— Штефан, — попыталась окликнуть я его, но он покрывал жадными поцелуями мою и грудь и неожиданно двинулся вверх, захватывая губами ключицу и обдавая жаром шею. — Штефан, — повторила я, попытавшись оттолкнуть его от себя. Он, не сразу, но поддался, приподнял голову, взглянув на меня мутными от страсти глазами. Тяжело дышал, приоткрыв рот, а потом вдруг стиснул зубы.
Он всё понял без слов, стремительно приподнявшись и глядя на меня горящими глазами, но сдержанно.
— Штефан, — повторила я глухо, понимая, что знаю, что нужно сказать, но не в силах сделать этого.
И тут его взгляд вдруг падает на мое оголенное плечо и застывает. Не верит, удивлен, изумлен, я вижу это по расширившимся глазам и нахмуренным бровям, сведенным к переносице. Миг... и он смотрит уже мне в глаза. А в этих серо-голубых глубинах — вопрос. Немой, но я слышу, что он кричит, надрывно кричит, задыхаясь.
— Метка, — выдыхает он едва слышно, но в застывшей тишине я могу услышать, как стучит его сердце. — Ты не избавилась от нее, — выговорил он, вдруг сощурившись. — Почему? — голос жесткий, будто Князь недоволен тем, что увидел. — Почему, Кара?
И я произношу единственное, что следует произнести сейчас. Правду.
— Но ведь я тебе... принадлежу.
Ноздри его вздулись, глаза сощурились, лицо помрачнело, но рука, лежащая на моей груди, вдруг стала тяжелее. Возбужден до сих пор, и я чувствую его возбуждение бедром, которого он касается.
— Ты больше не рабыня, — жестко напоминает он. Мне! Кто бы мог подумать?!
— Это что-то меняет? — вызывающе спросила я, блеснув глазами, а он промолчал. Но глаза выдали его с головой. Я знала, о чем он думает. Потому что думала о том же. О том дне, когда случилось... несчастье.
И я почувствовала невыносимую потребность сказать ему всё. Будто взрыв эмоций, которые были зажаты в нелепые рамки правил, выстроенных кем-то мне не известным. Желание признаться, доказать, рассказать ему... вылить на него всю боль и негодование, что скопилось во мне за эти месяцы. Ту боль, которая мешала говорить о любви. То негодование, которое препятствовало признанию.

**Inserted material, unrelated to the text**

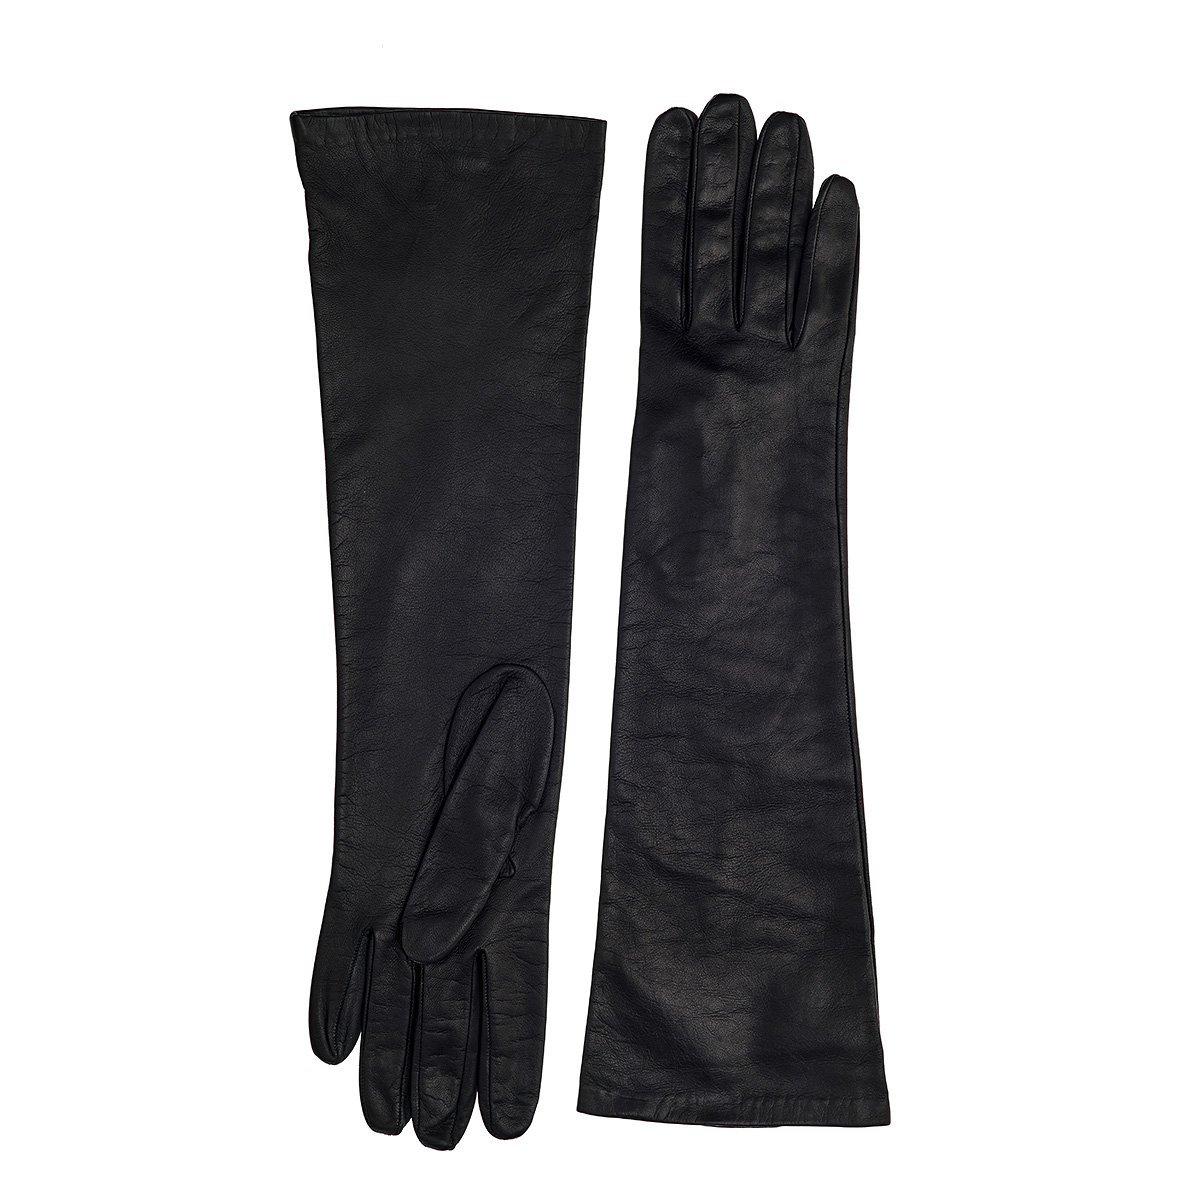 Silk Lined Long Black or White Leather Gloves (BLACK - LARGE)

— Я не спала с Каримом Вийаром, — выдохнула я ему в лицо, теплый шепот, просто обжигающий. — Только с тобой всегда, — проговорила я, облизнув губы. — Только с тобой.
— Я знаю, Кара, — прошептал он мне в ответ. — Я всё знаю.
Но мне было этого мало. Слишком мало теперь!
— Нет, ты не понимаешь, — проговорила я уверенно. — Ты не веришь мне, ты веришь им... камерам, Вийару, кому угодно, но только не мне!.. — наверное, я его подсознательно провоцировала в тот момент. Не нарочно, на уровне подсознания, пытаясь выкрасть у него чувство, признание, еще одно, самое важное откровение.
— Я верю тебе, — заявил он, склоняясь надо мной. — Лишь твое слово значит для меня всё, — пристально глядел мне в глаза. — А Вийар и камеры... только подтвердили мою уверенность в твоей невиновности.
— Тогда почему ты это сделал тогда? — едва не плача, выдохнула я, удерживая его за ворот рубашки. — Зачем ты поступил так со мной?.. С нами!?
— Я не знаю, — прошептал он, стиснув зубы. — Не знаю...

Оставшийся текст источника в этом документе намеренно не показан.